▶ [DESCRIPTION OF THE TASK]: From the first line to the last, restate the data exactly, leaving out the images.

▶ [THE DATA]:
——
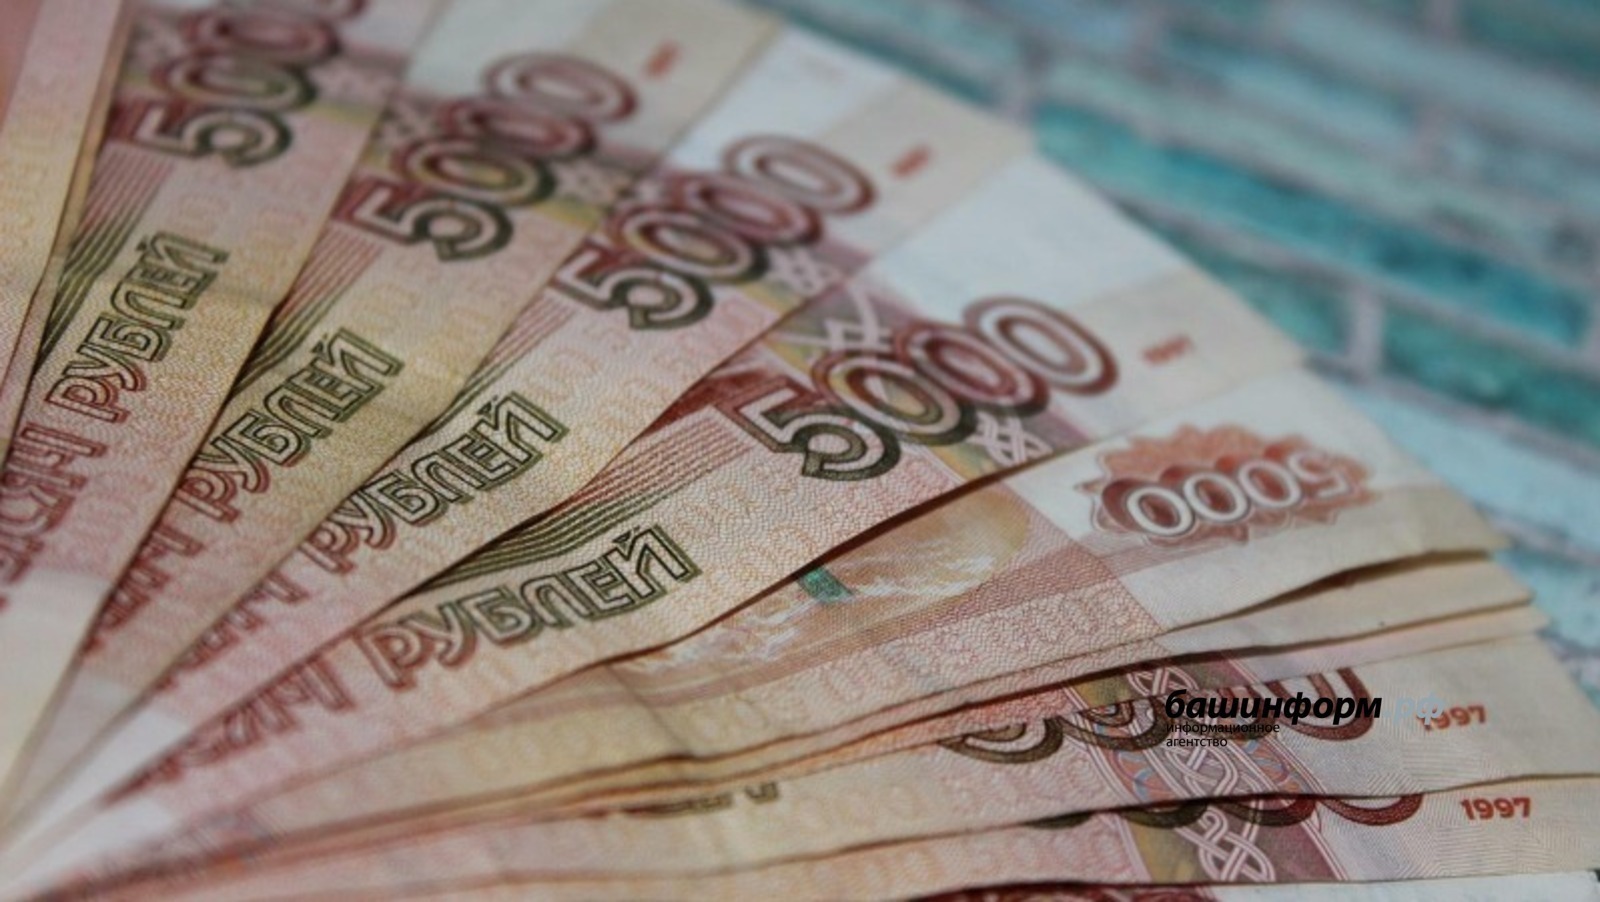 25 молодых педагогов Башкирии получат гранты по 40 тысяч рублей
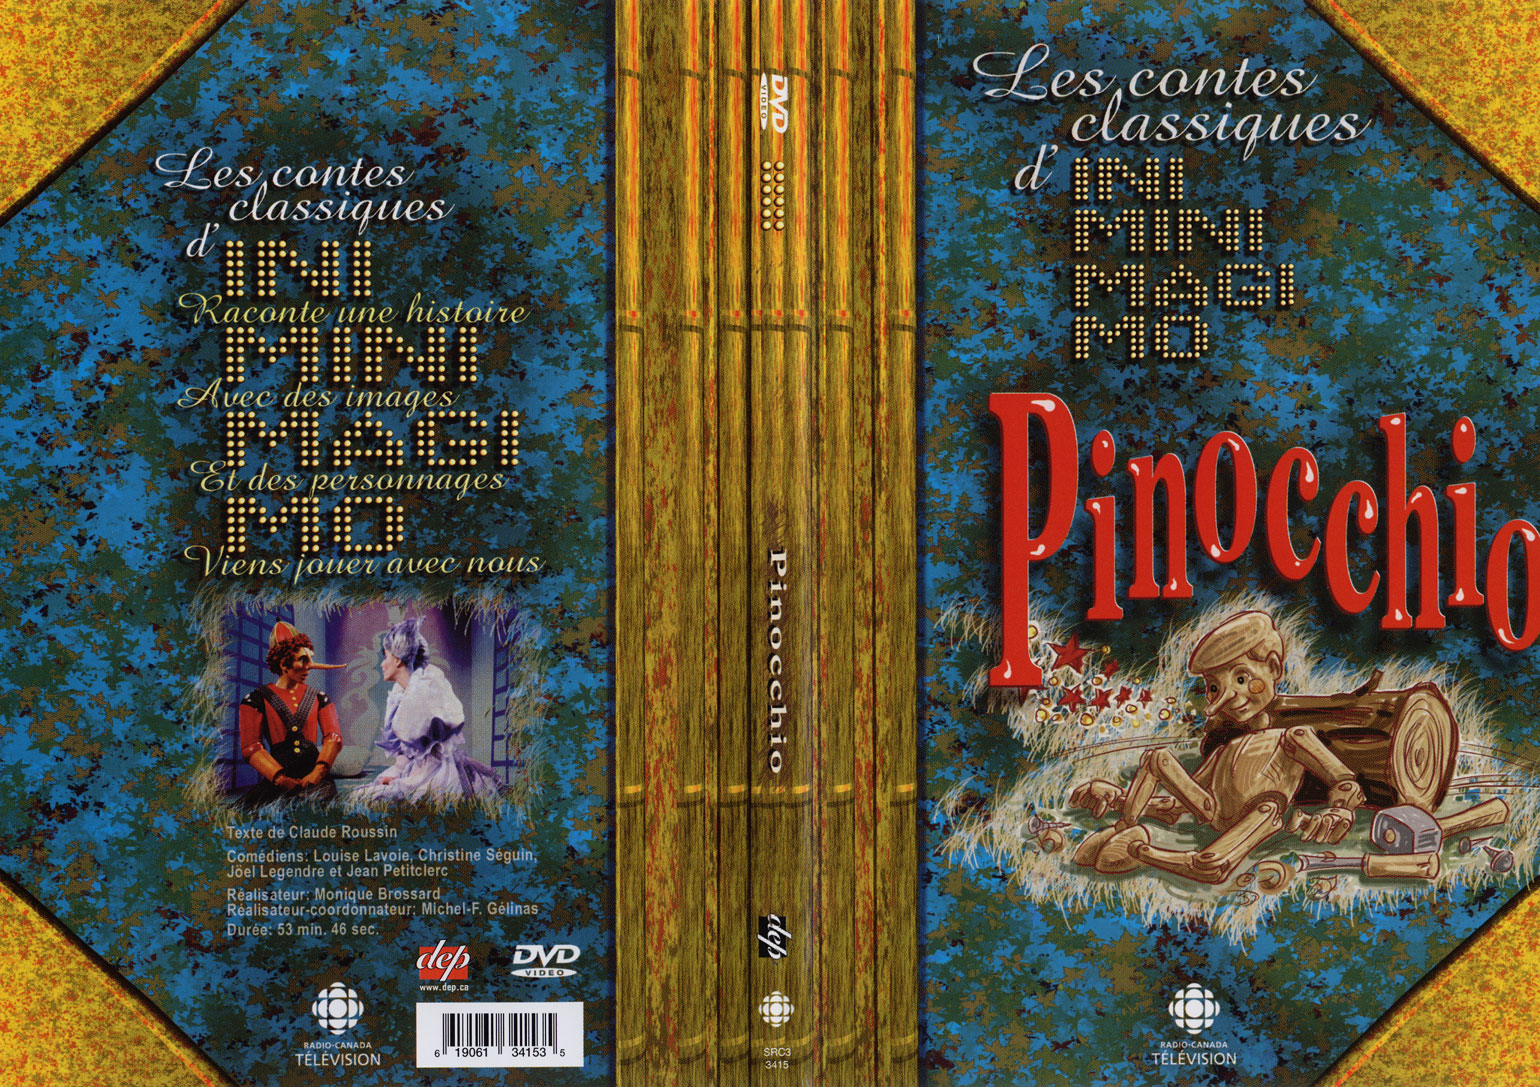 Jaquette DVD IniMiniMagiMo - Pinocchio
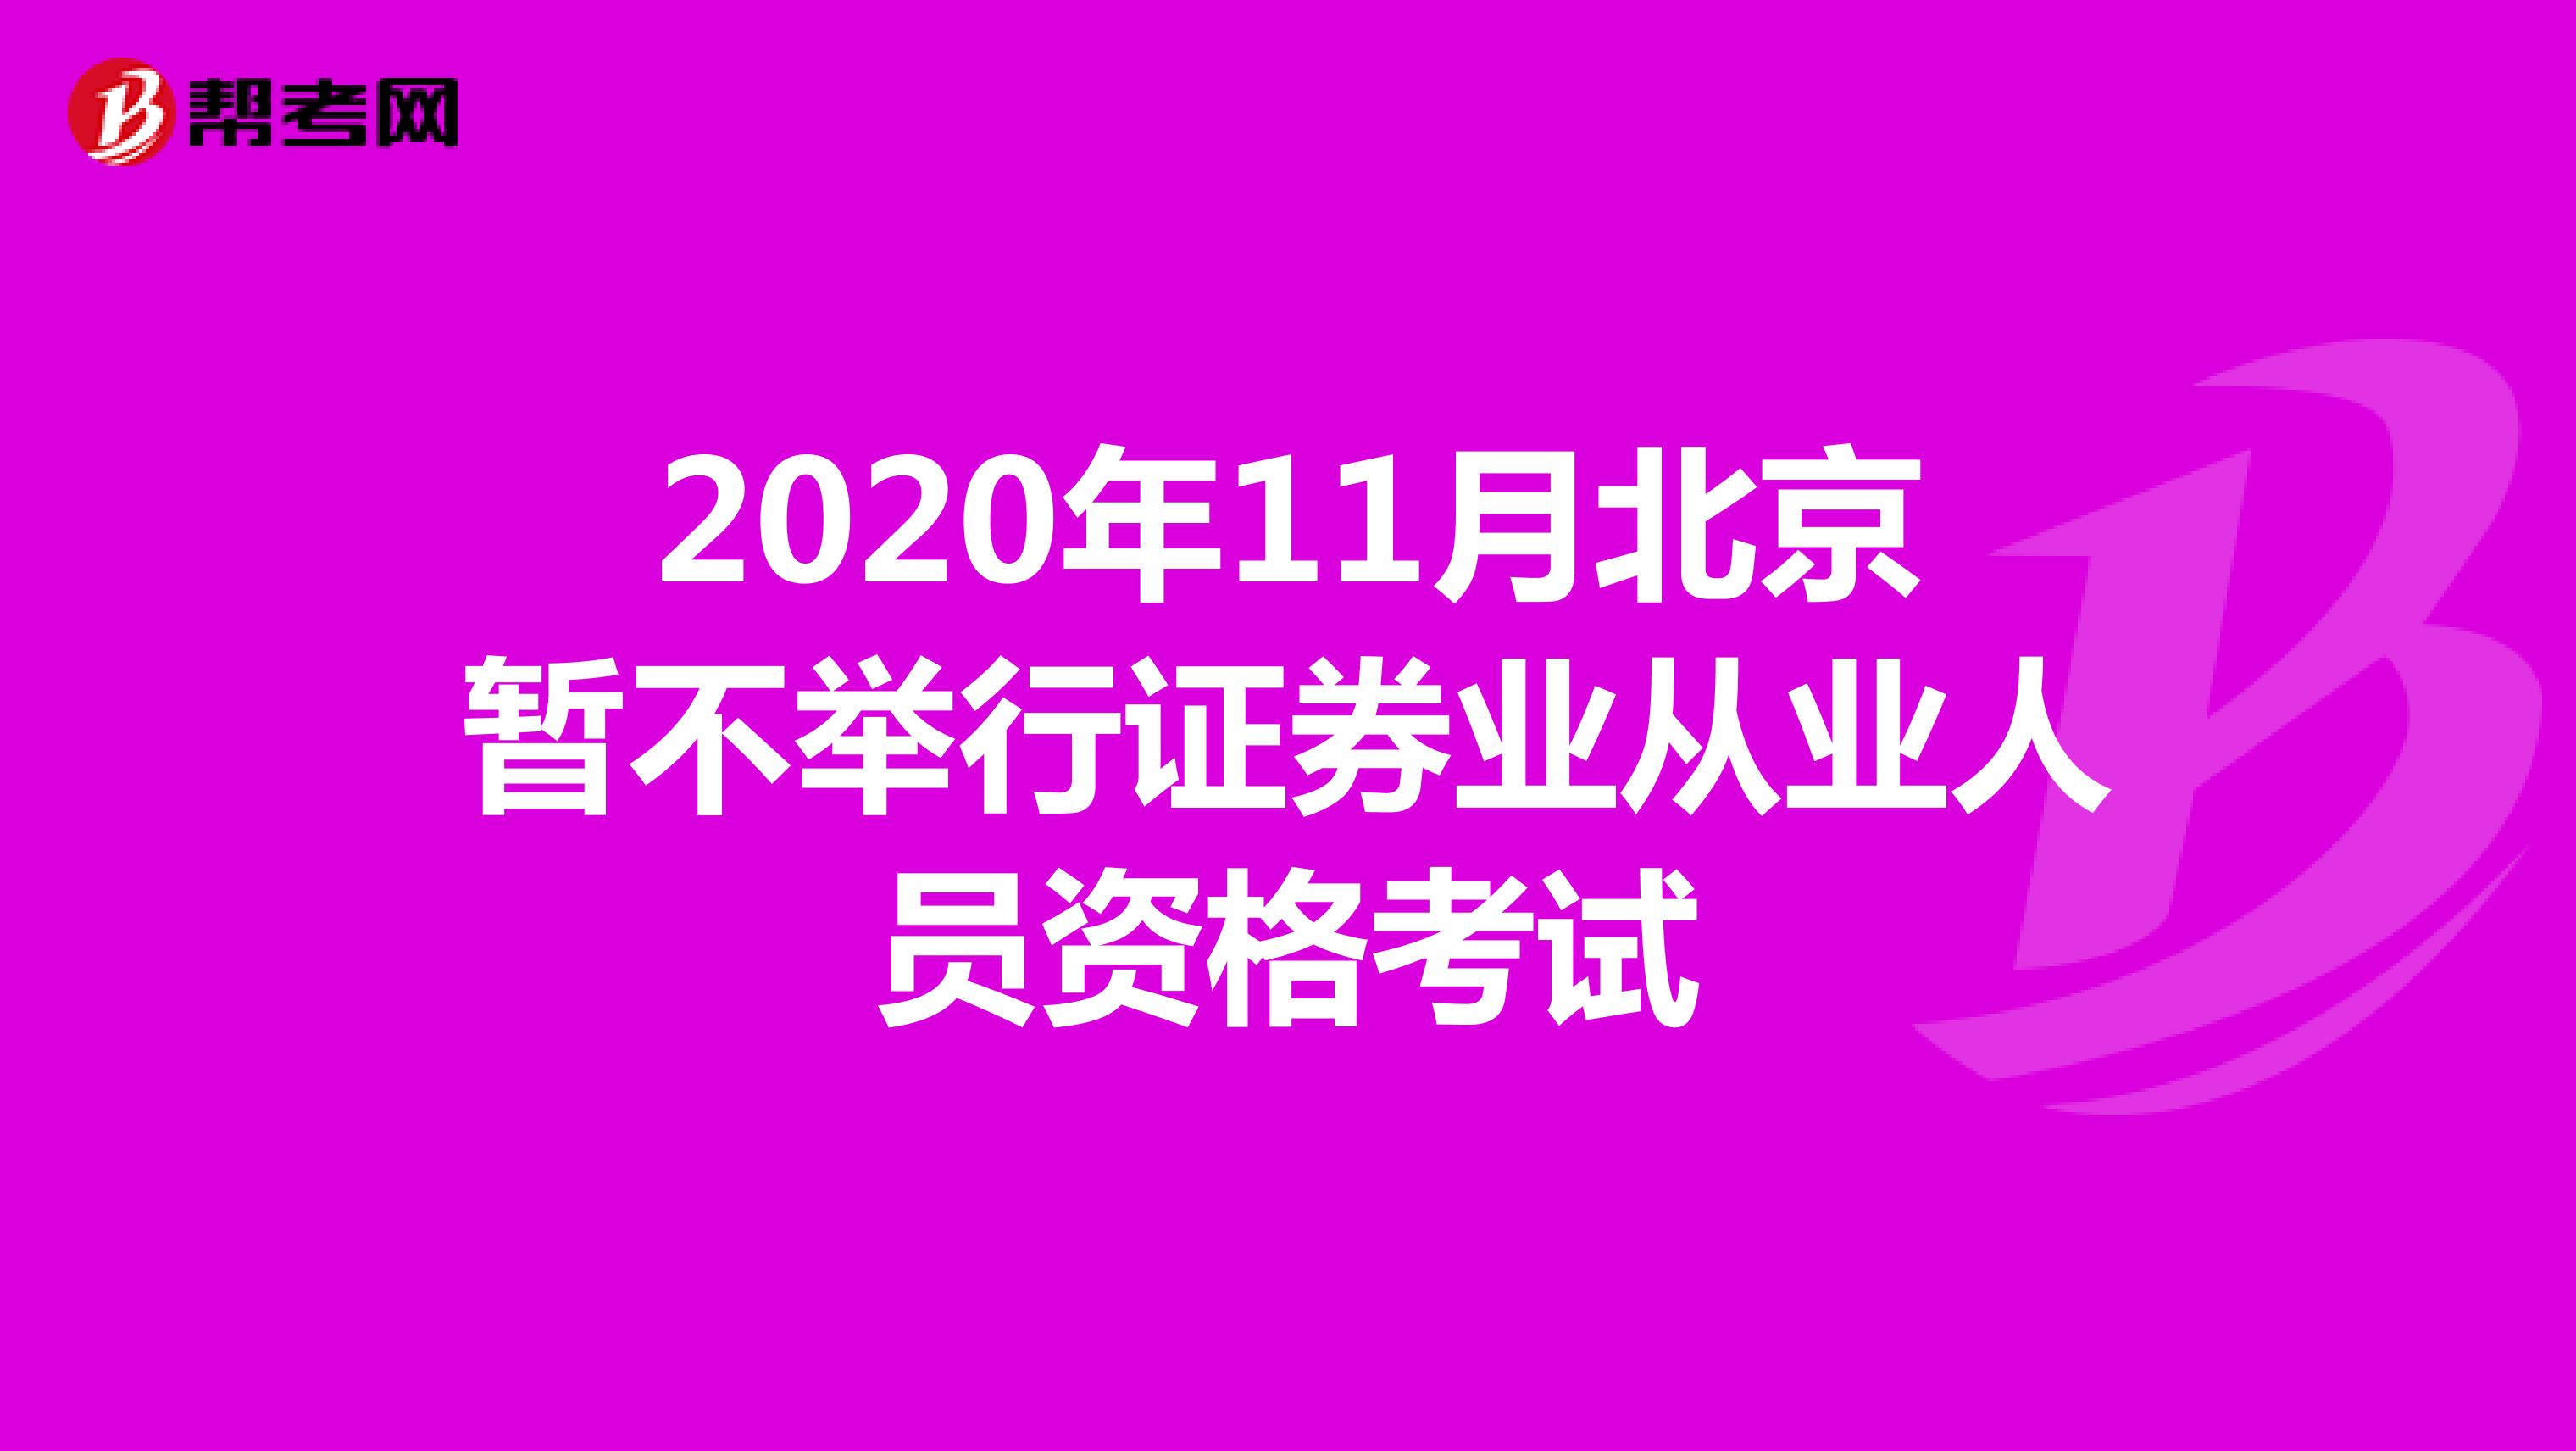 2020年11月北京暂不举行证券业从业人员资格考试
——
▶ [ANSWER AREA]:
 25 молодых педагогов Башкирии получат гранты по 40 тысяч рублей
 Jaquette DVD IniMiniMagiMo - Pinocchio
 2020年11月北京暂不举行证券业从业人员资格考试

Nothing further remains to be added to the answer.